Task description | The reply should repeat all of the data word for word, with no pictures.

Data extract |
- Opening Delimiter -

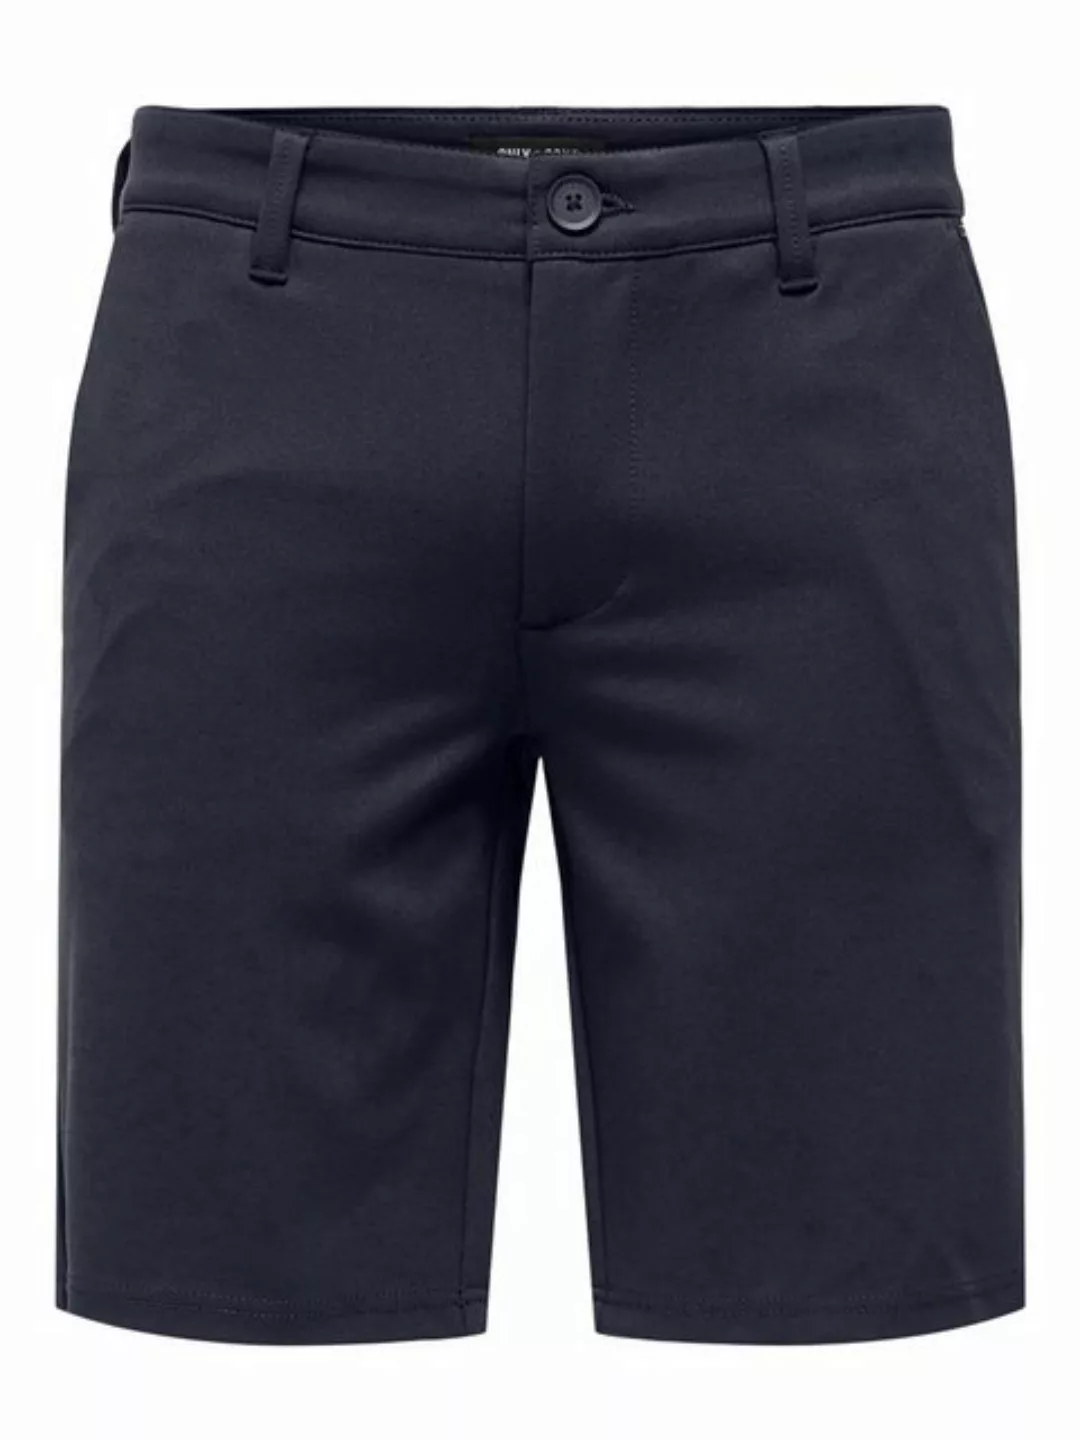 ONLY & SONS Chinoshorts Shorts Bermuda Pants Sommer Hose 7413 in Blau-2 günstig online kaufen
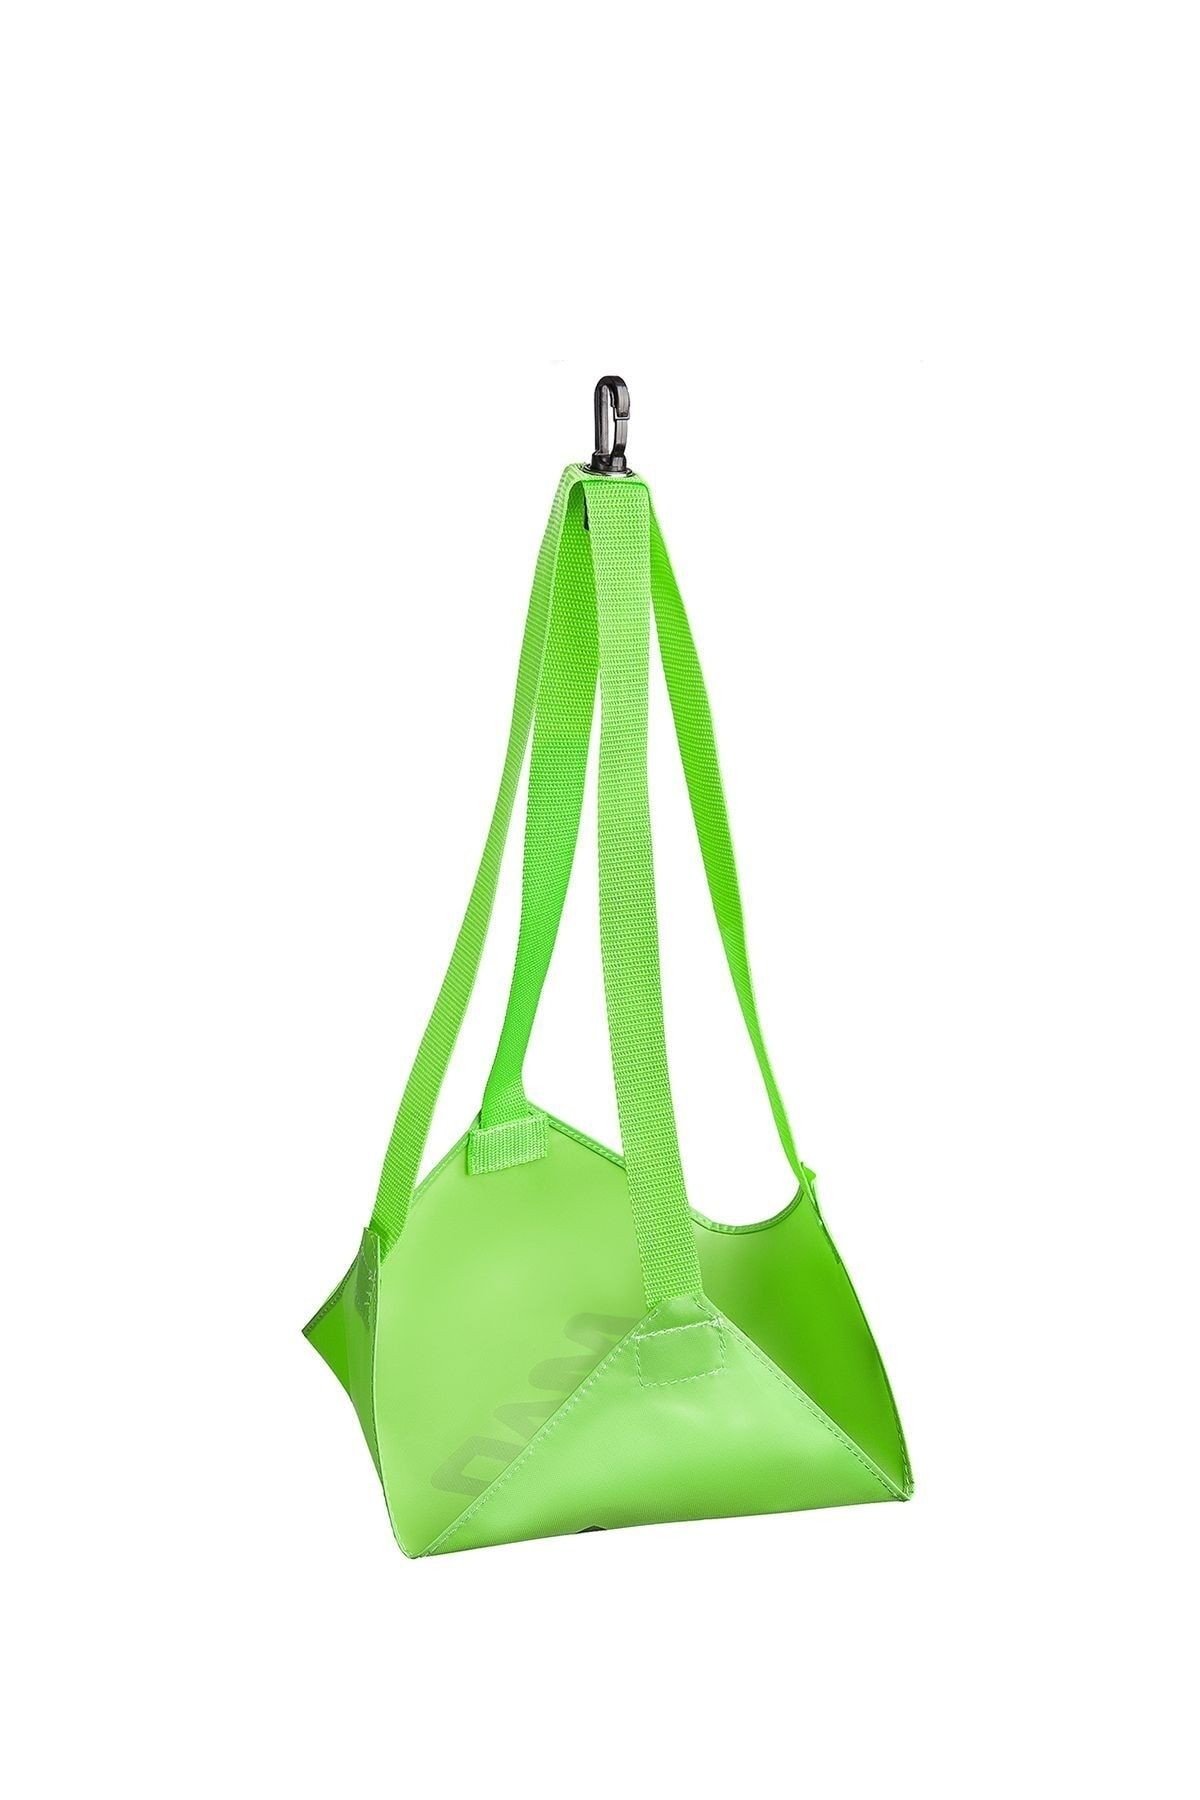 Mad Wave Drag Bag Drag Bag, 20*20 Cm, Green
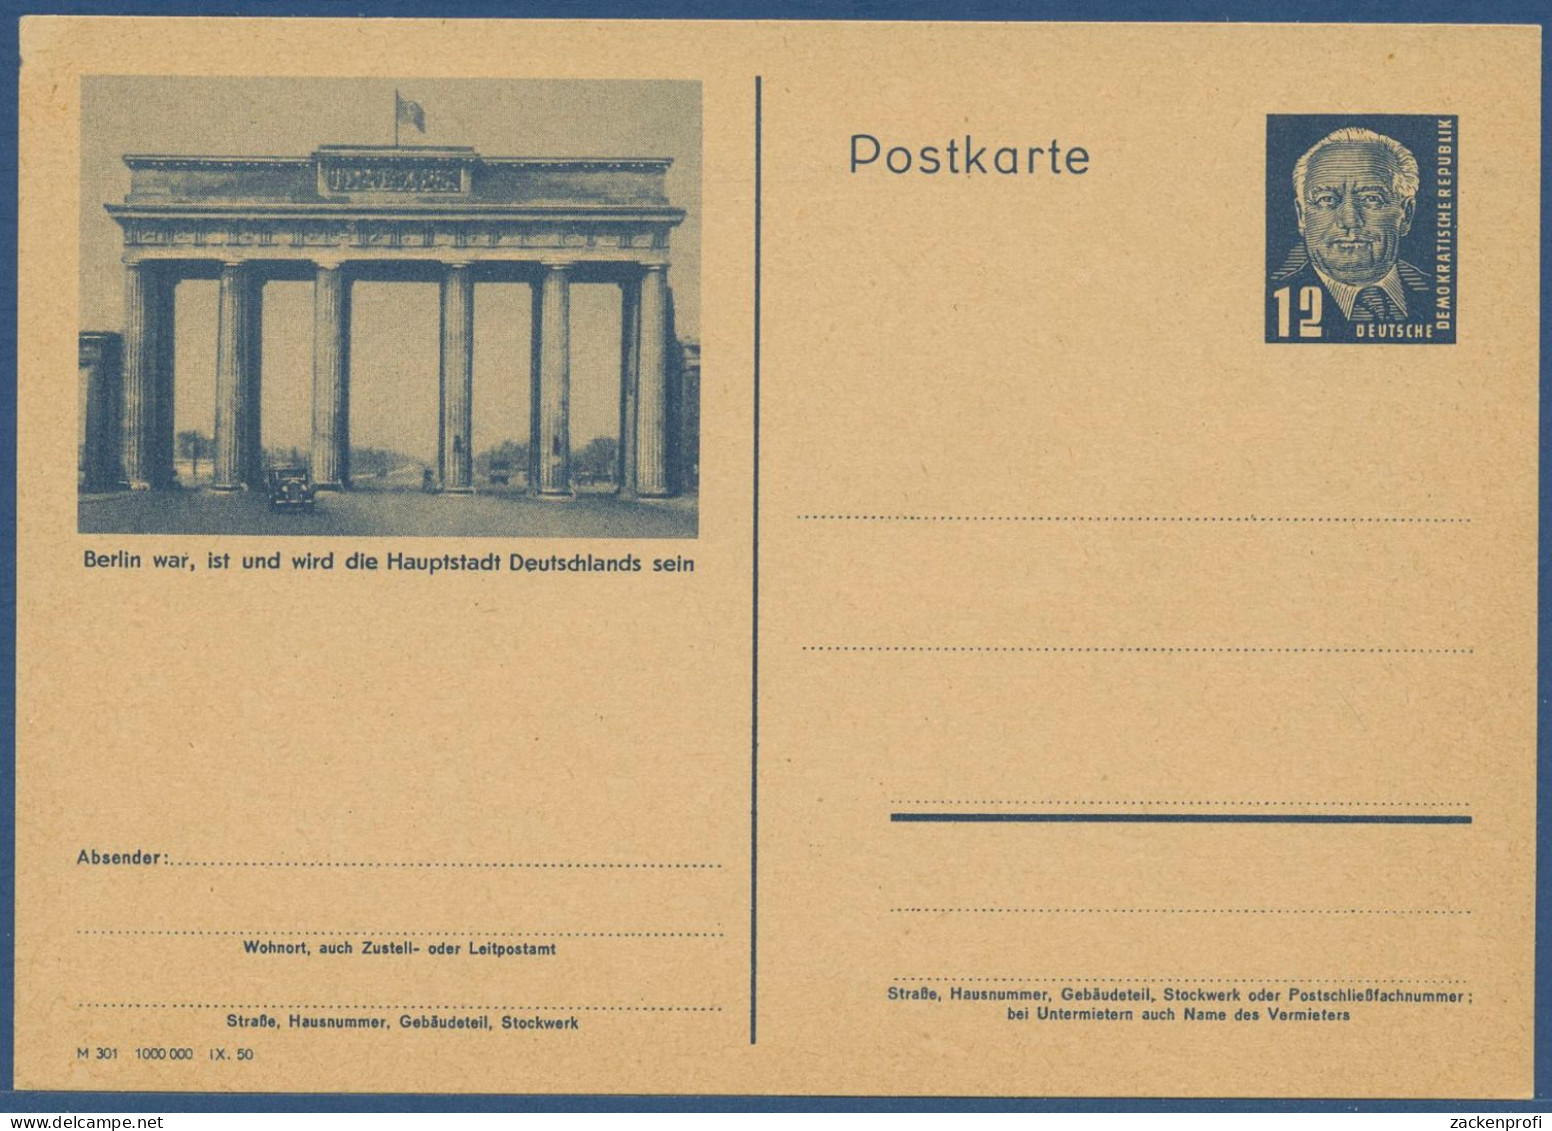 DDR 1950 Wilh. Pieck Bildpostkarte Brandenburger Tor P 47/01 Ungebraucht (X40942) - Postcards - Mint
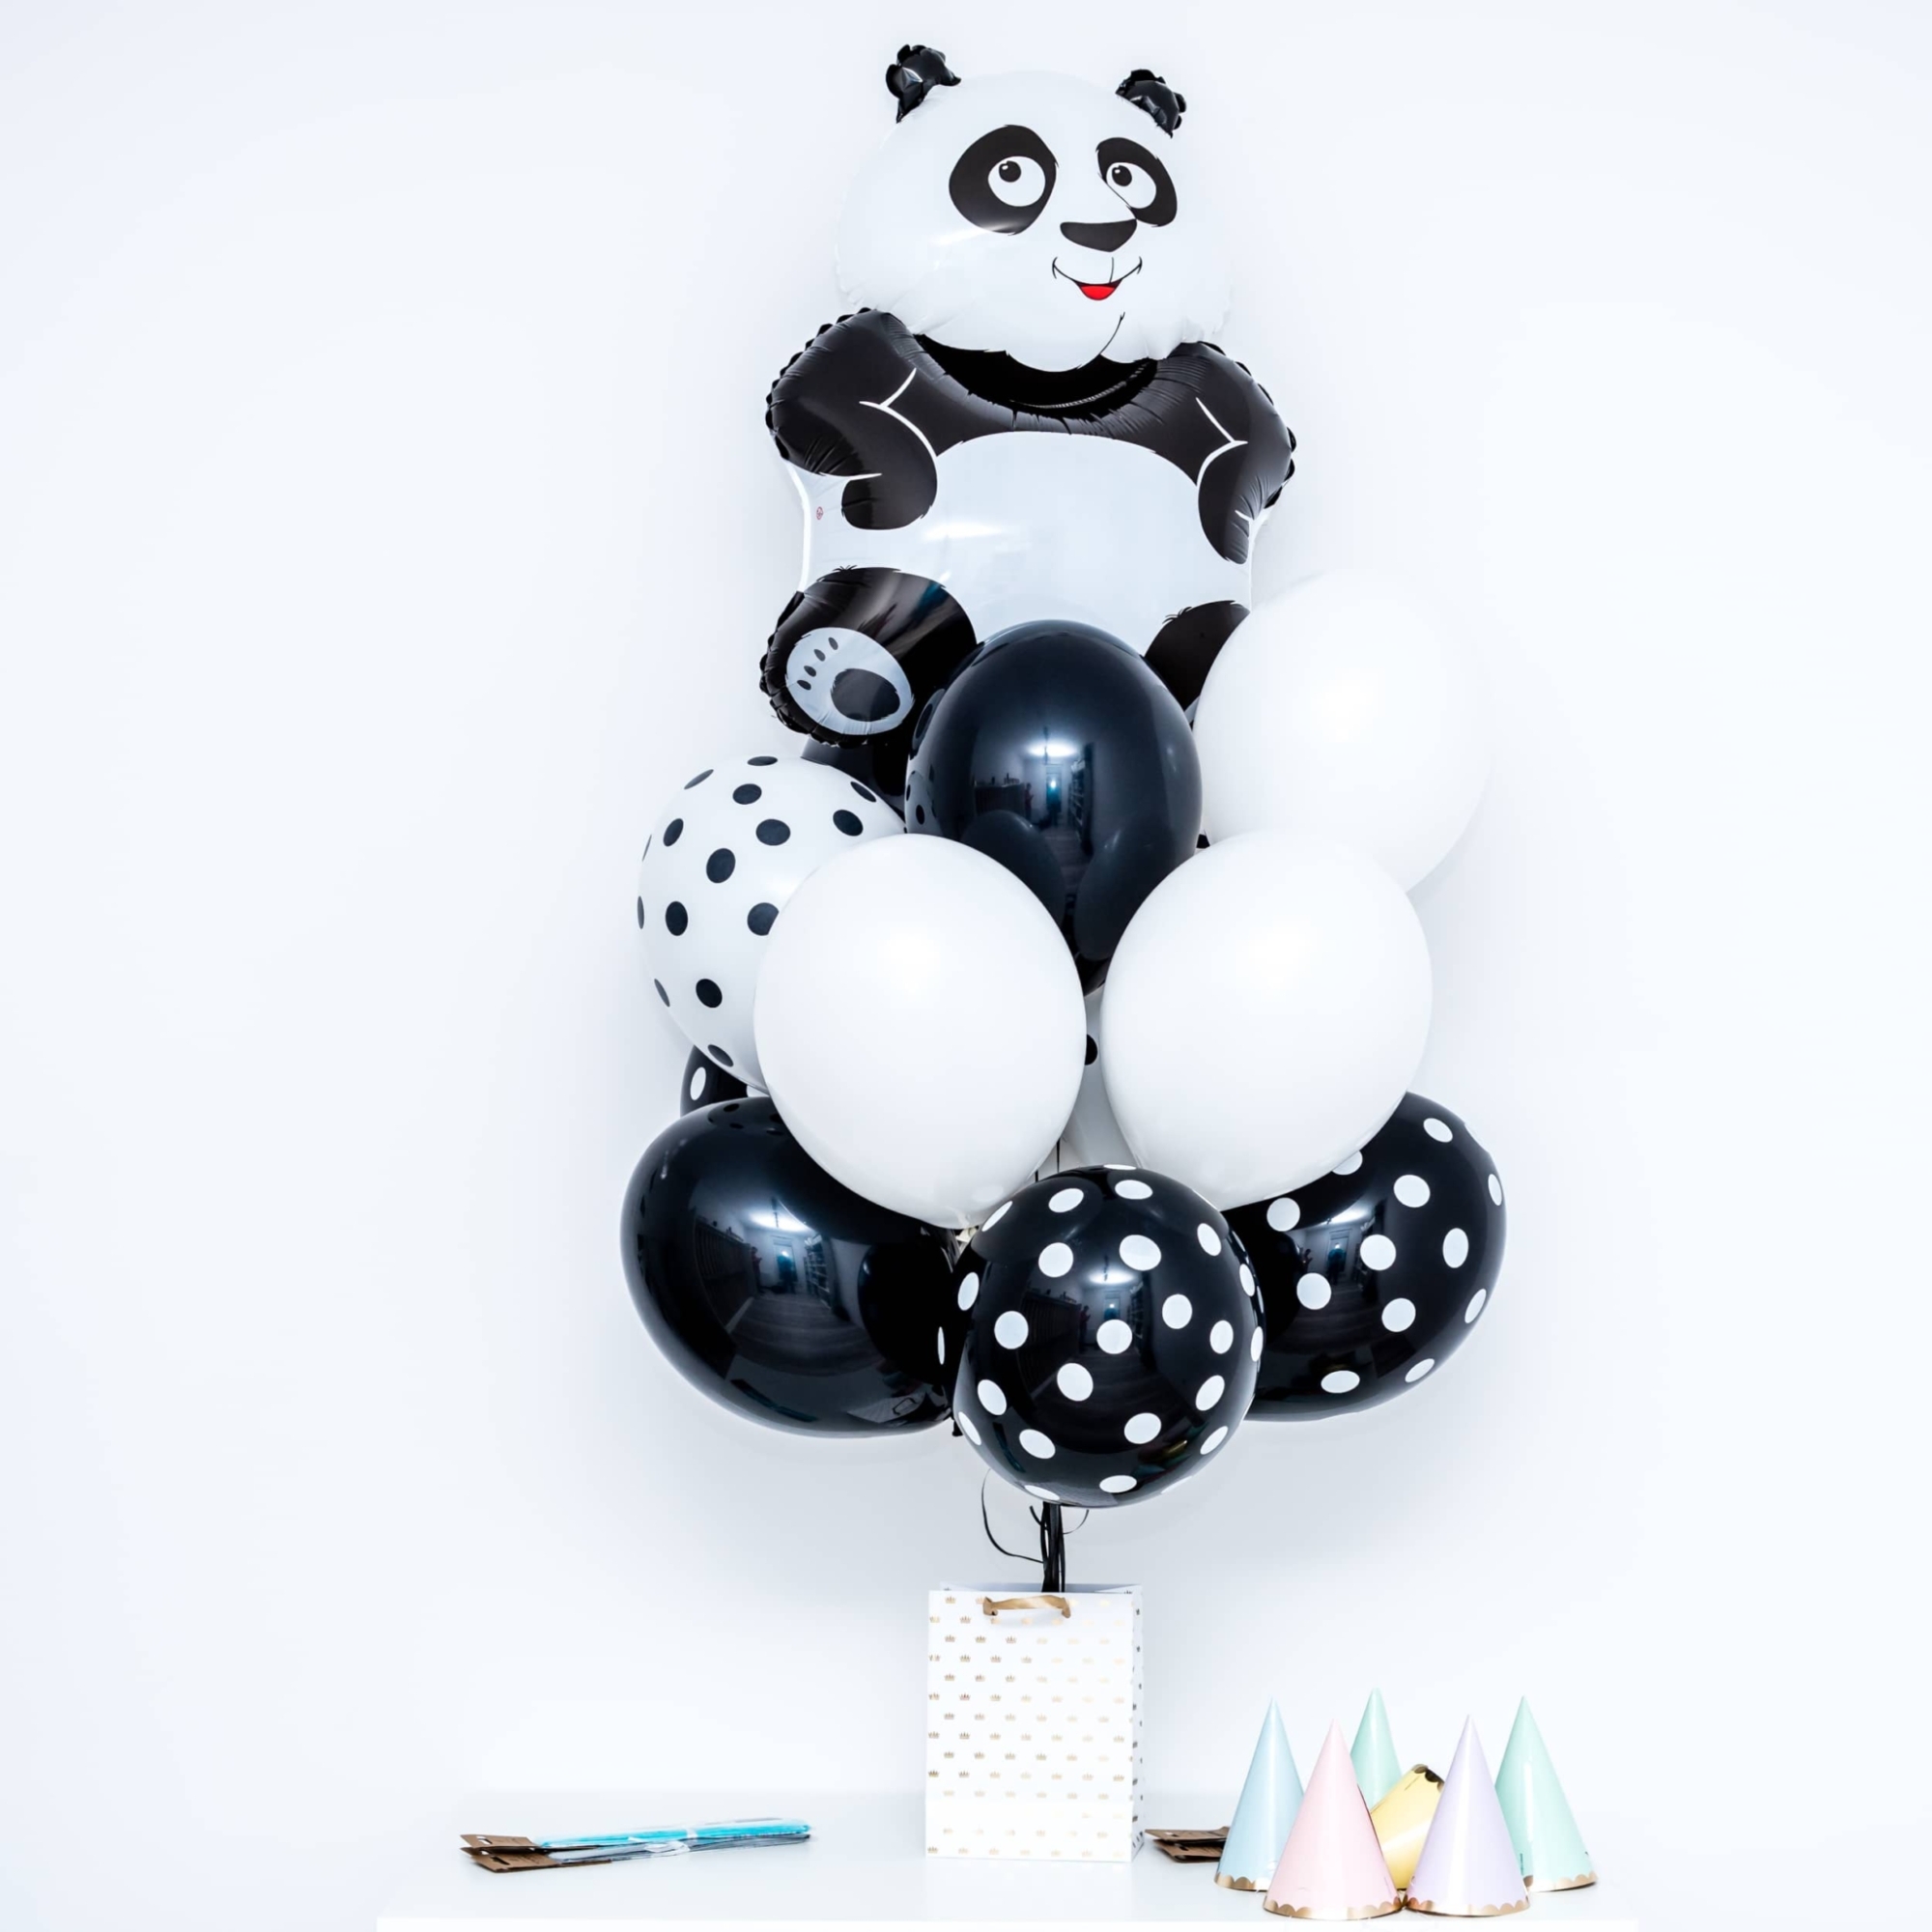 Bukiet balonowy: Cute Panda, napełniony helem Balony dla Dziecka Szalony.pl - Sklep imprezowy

- Closing Delimiter -

Answer to this problem |
 ONLY & SONS Chinoshorts Shorts Bermuda Pants Sommer Hose 7413 in Blau-2 günstig online kaufen
 Mad Wave Drag Bag Drag Bag, 20*20 Cm, Green
 DDR 1950 Wilh. Pieck Bildpostkarte Brandenburger Tor P 47/01 Ungebraucht (X40942) - Postcards - Mint
 Bukiet balonowy: Cute Panda, napełniony helem Balony dla Dziecka Szalony.pl - Sklep imprezowy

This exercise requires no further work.